> [Activity]: Leave every image out, and return the rest of the data word for word.

> [Provided material]:
/---

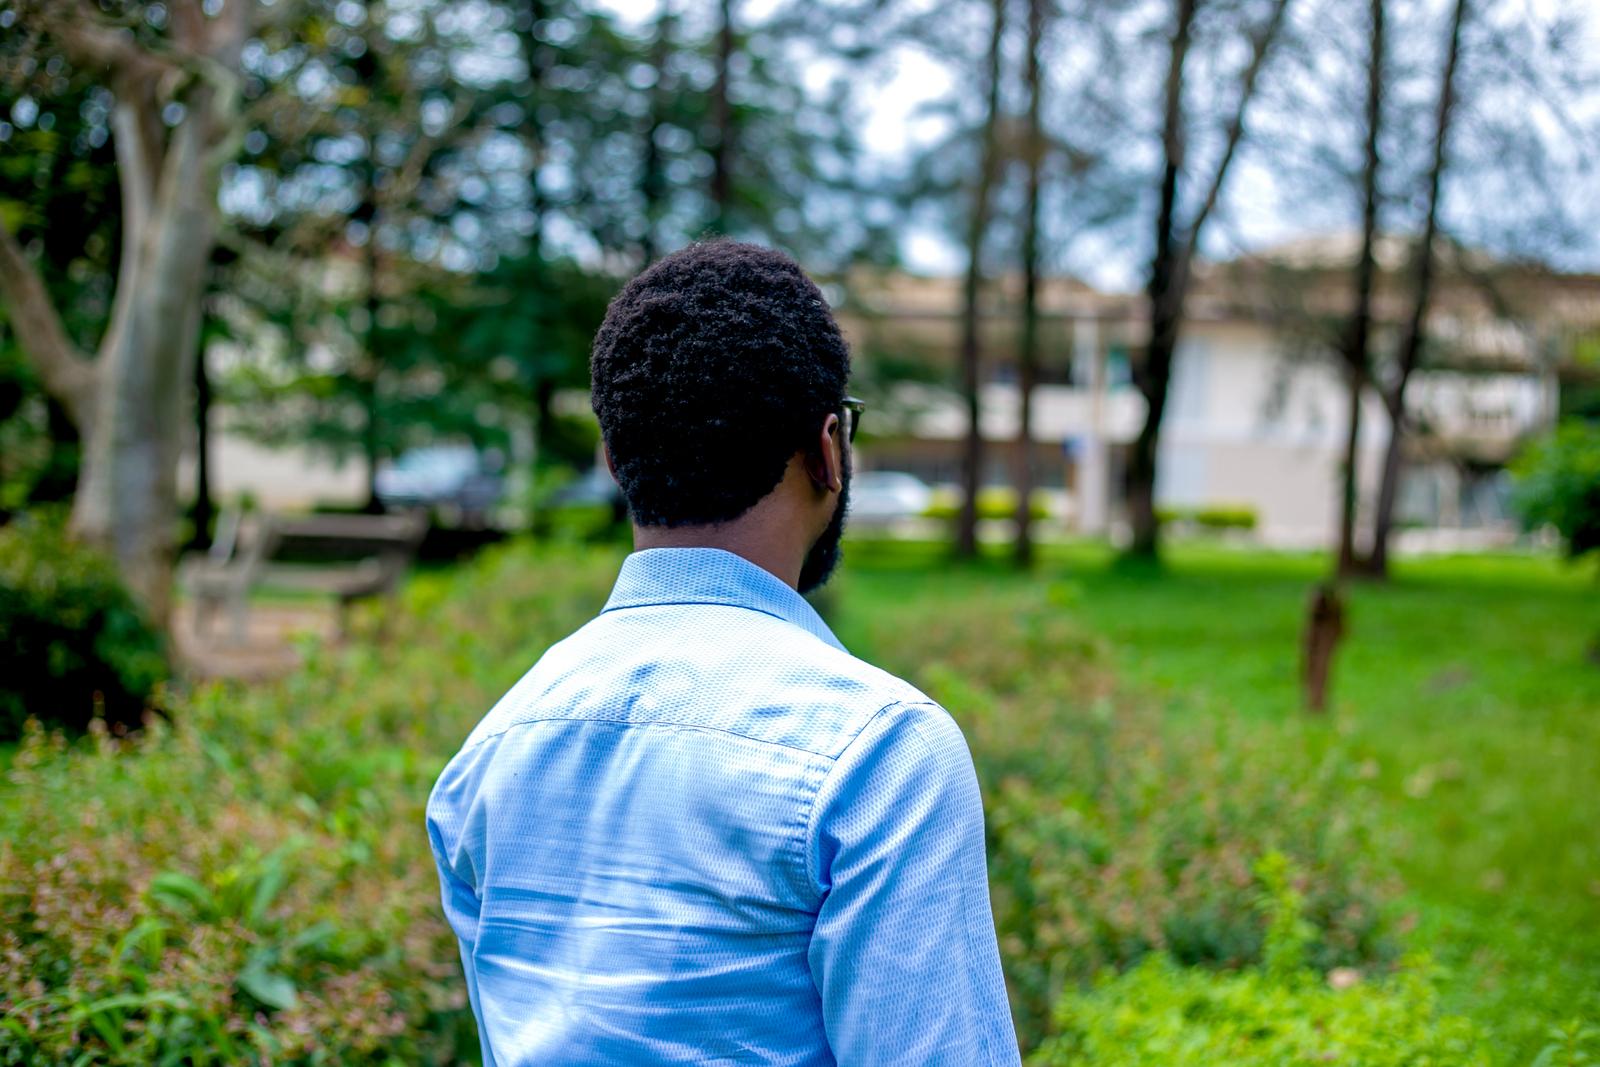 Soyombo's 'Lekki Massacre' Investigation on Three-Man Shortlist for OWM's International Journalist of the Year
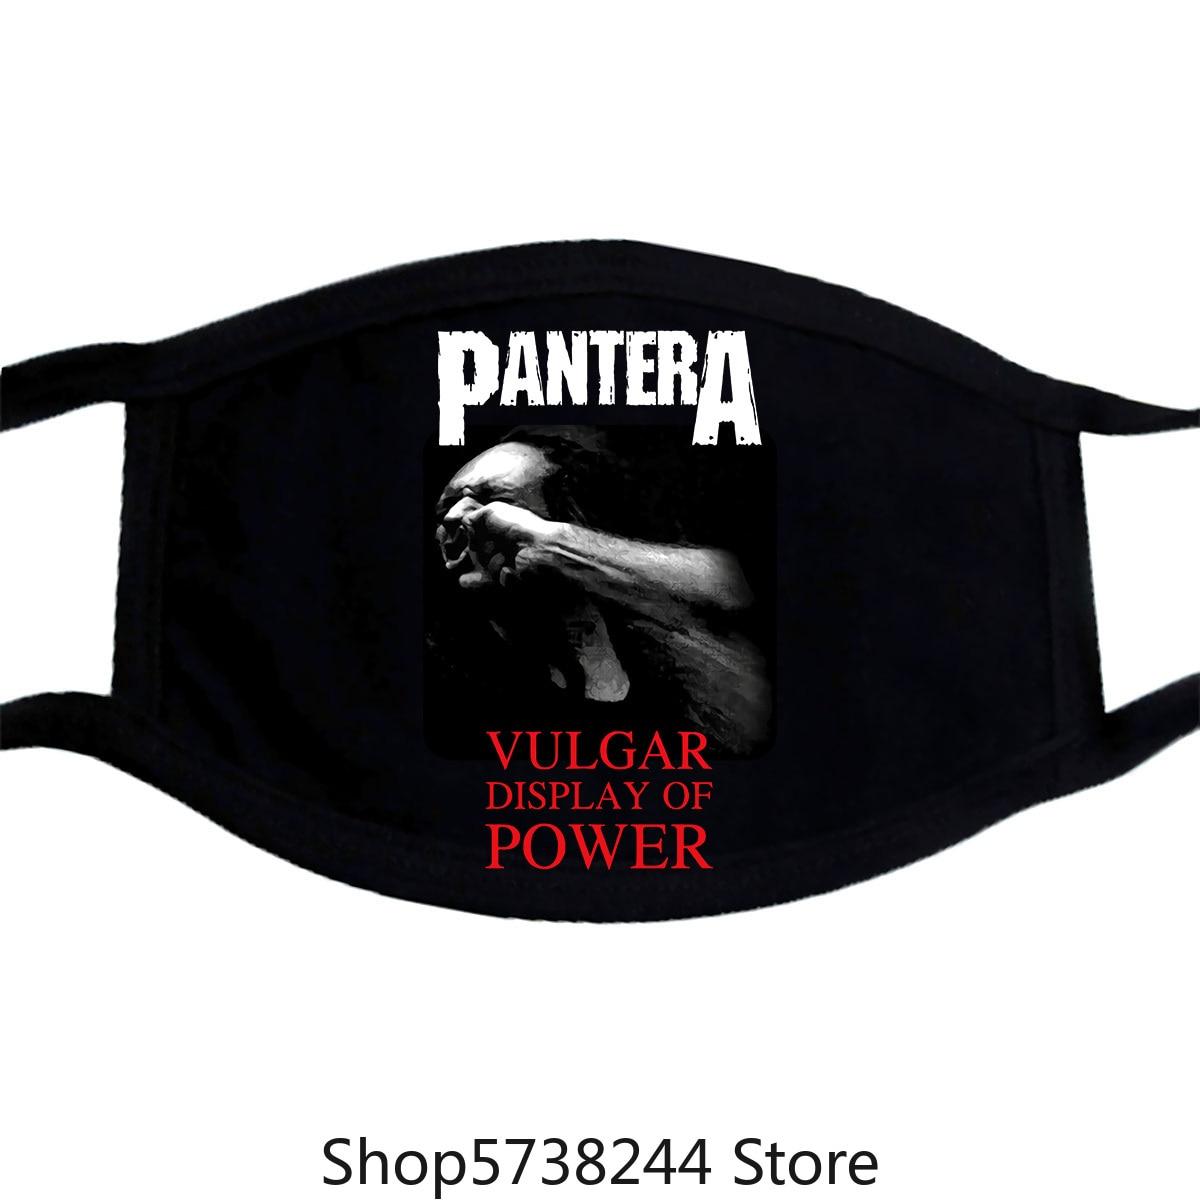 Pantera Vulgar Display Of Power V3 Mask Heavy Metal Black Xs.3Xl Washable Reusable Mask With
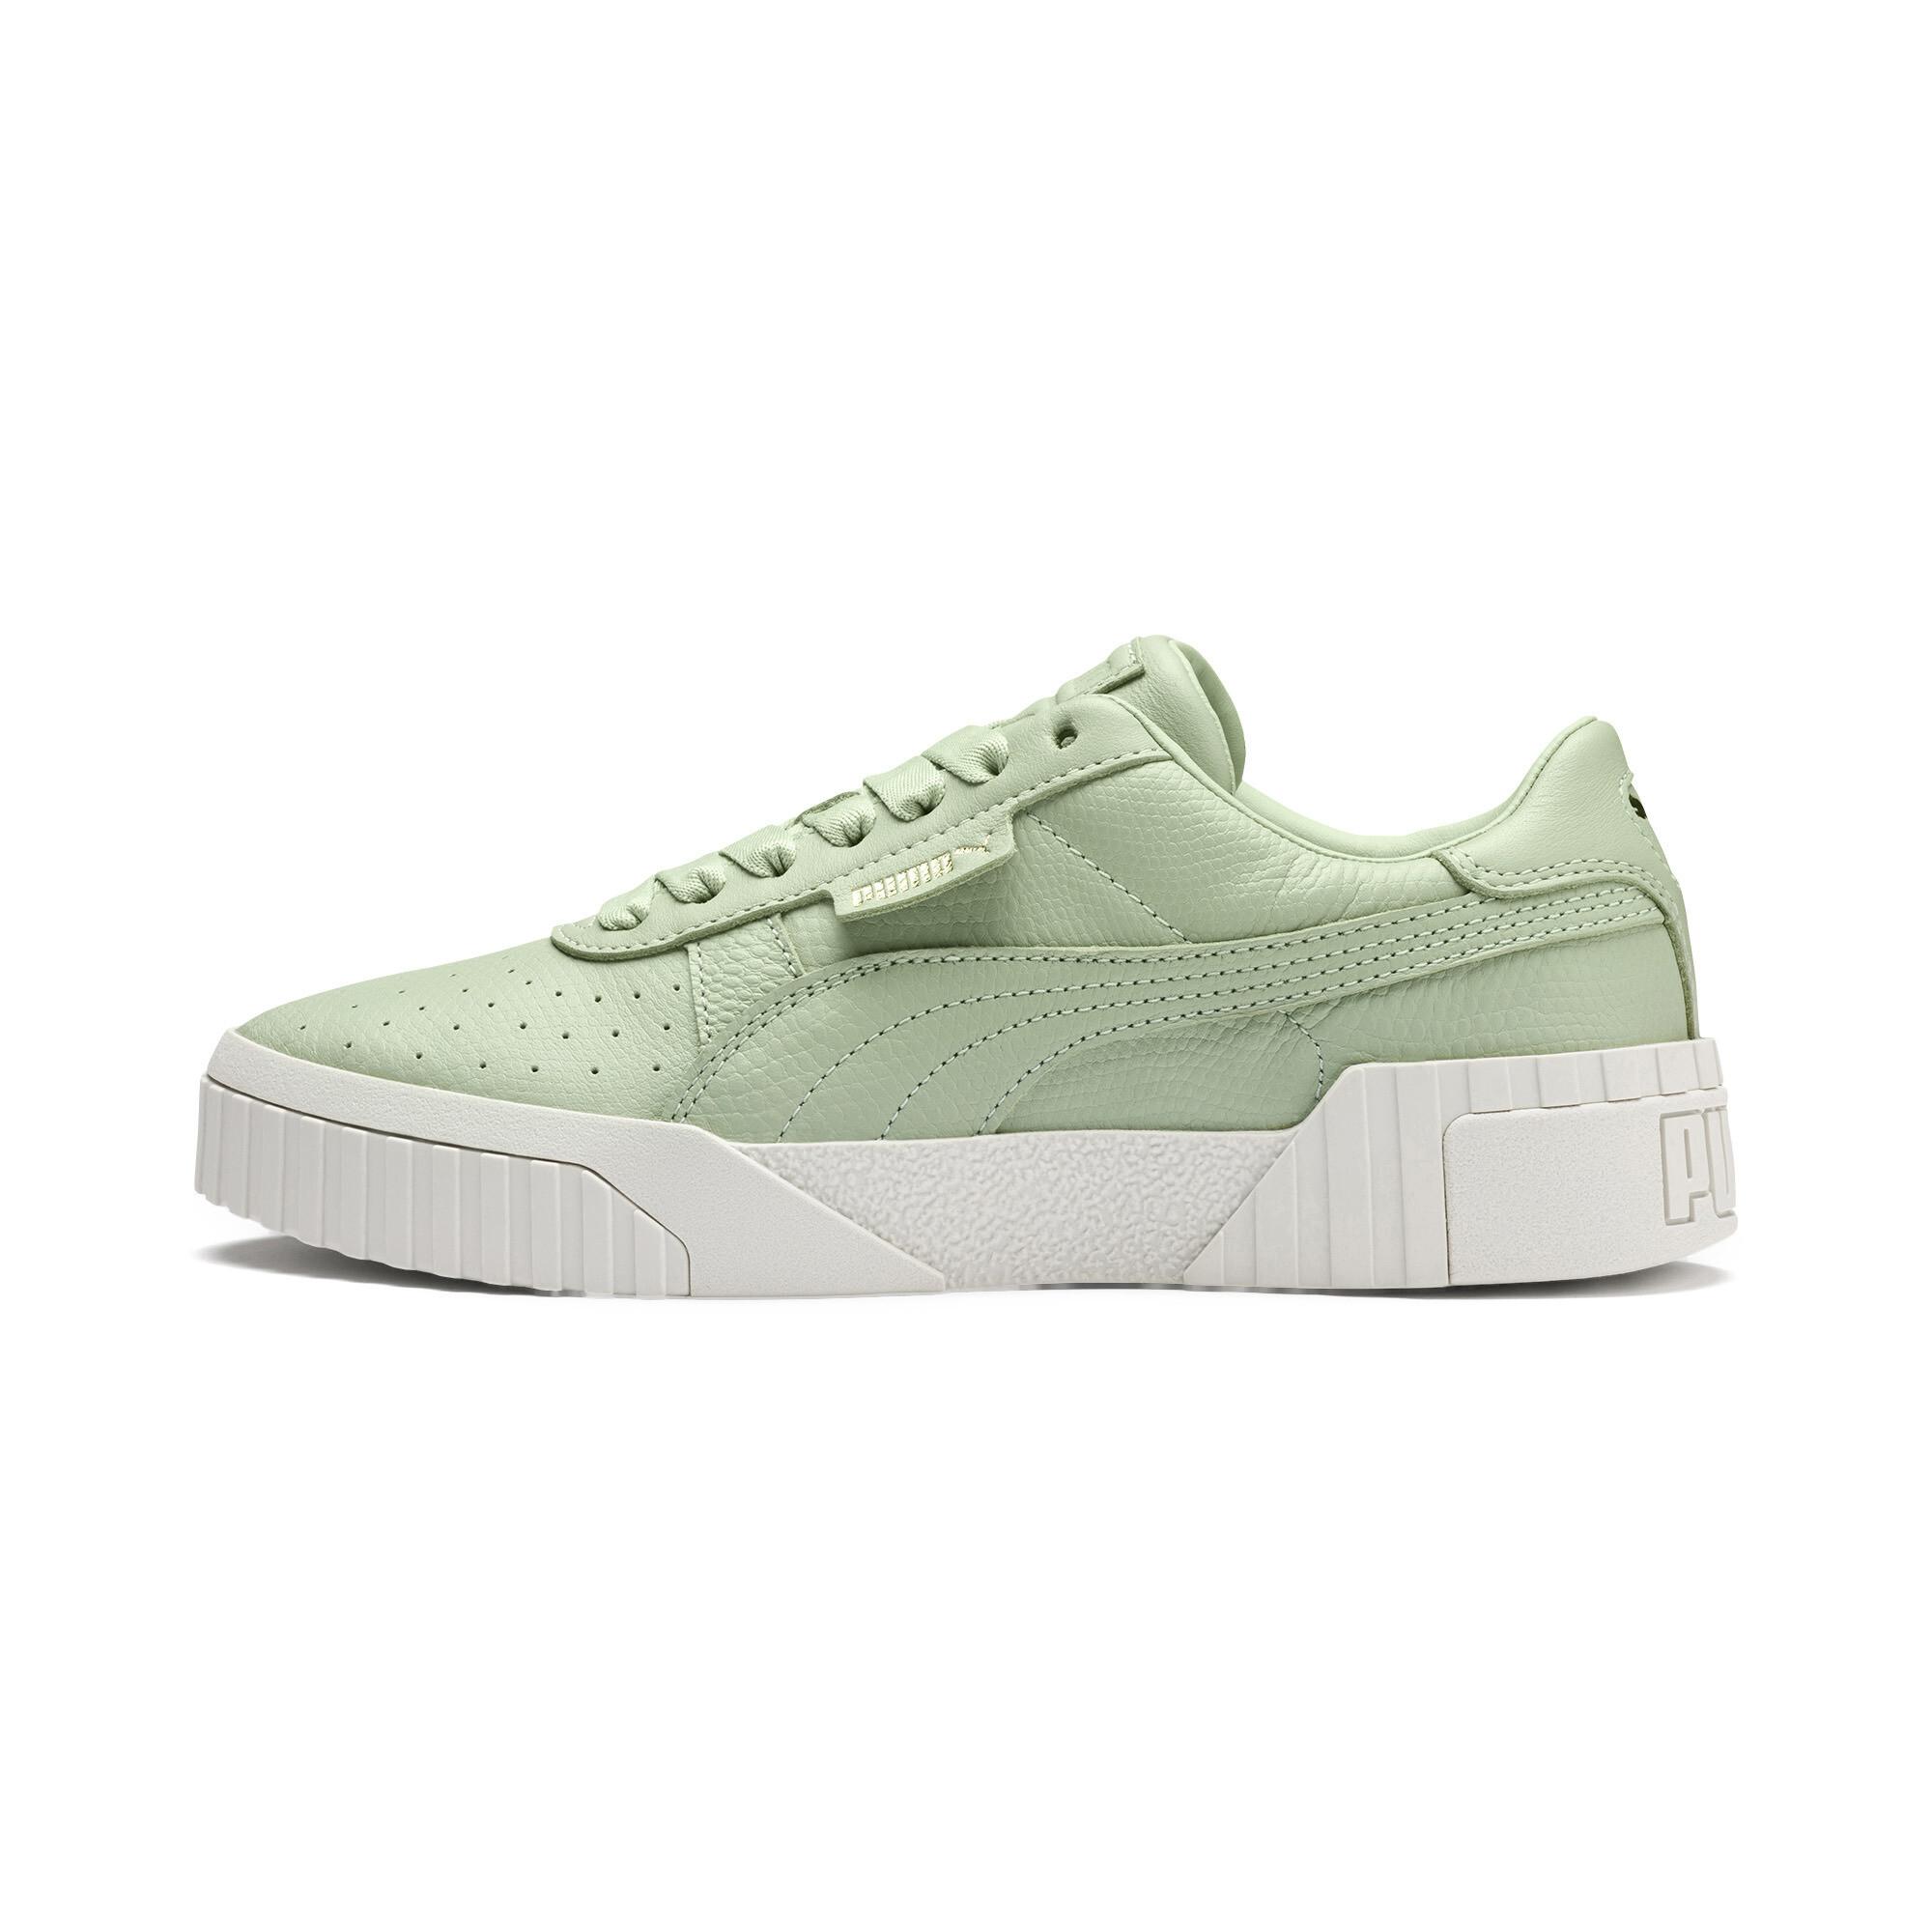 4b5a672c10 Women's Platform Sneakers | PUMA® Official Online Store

\---

> [Task answer]:
 Soyombo's 'Lekki Massacre' Investigation on Three-Man Shortlist for OWM's International Journalist of the Year
 Pantera Vulgar Display Of Power V3 Mask Heavy Metal Black Xs.3Xl Washable Reusable Mask With
 4b5a672c10 Women's Platform Sneakers | PUMA® Official Online Store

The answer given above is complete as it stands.